Bedroom Shelving: Rakks Shelving
Exterior Landscape Sculpture: Fall Fittings
Plantings: Victoria’s Gardens
Hardscaping: Shawn McCloskey
The Original Home
The original home had a split level entry at the front of the house that had a large and cumbersome deck, and a tight, cramped interior. On the side and rear of the home, the deck was busy, confusing and too small for the types of gatherings that our clients wanted to host.
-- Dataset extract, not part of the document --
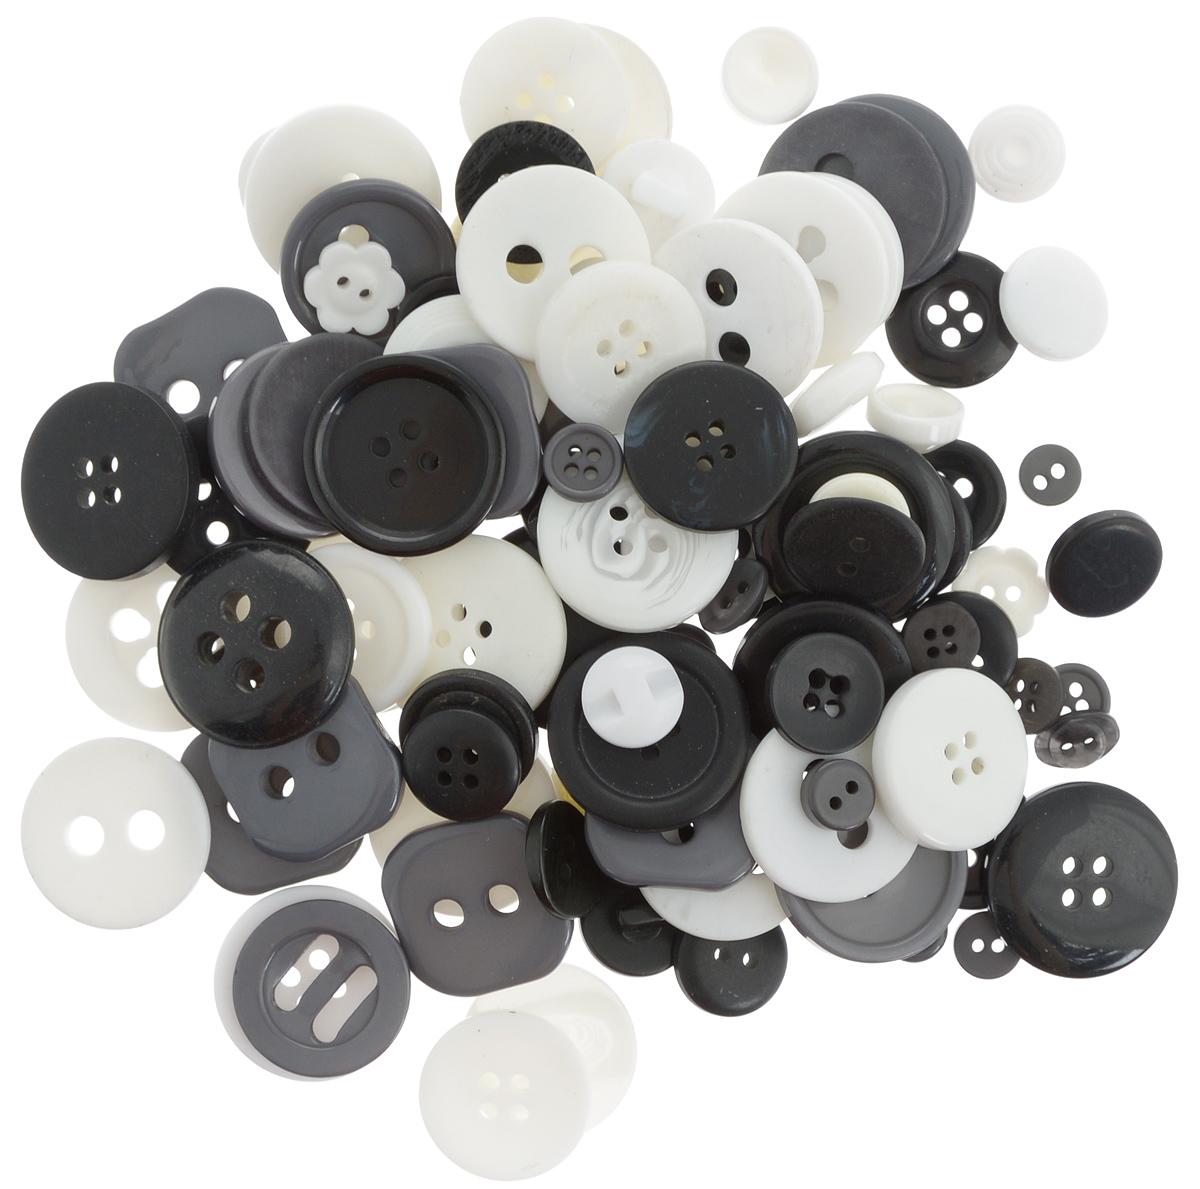 """Пуговицы декоративные Magic Buttons """"Палитра"""", цвет: черный, белый, серый, 100 г"""

Our clients had infused their love of color into some of the existing spaces, but they knew the home had much more to offer!



The Design Process
We had already worked with these clients on Modern Accord Depot, so we knew that their love of color would play a large role in the design. We spent time providing multiple iterations and options, and worked through many different models of the addition! Once the final version was developed, we also got to play with exterior colors, experimenting with different roof colors and combinations.



Construction
Large-scale renovation projects are inherently collaborative. Unexpected conditions are part of the process, and a strong working relationship between architect, client, and contractor is essential. Woodland Pop House is a testament to that kind of joyful, productive partnership. Throughout construction, we navigated site conditions together, brainstormed solutions on the fly, and provided the clients with a range of fixture and finish mockups to guide their interior design decisions. We also worked closely with the contractor to coordinate and implement ideas, liaising with millworkers, glass fabricators, window representatives, painters, and lighting vendors. When a home is anything but standard, communication and project management have to be exceptional — and here, they were.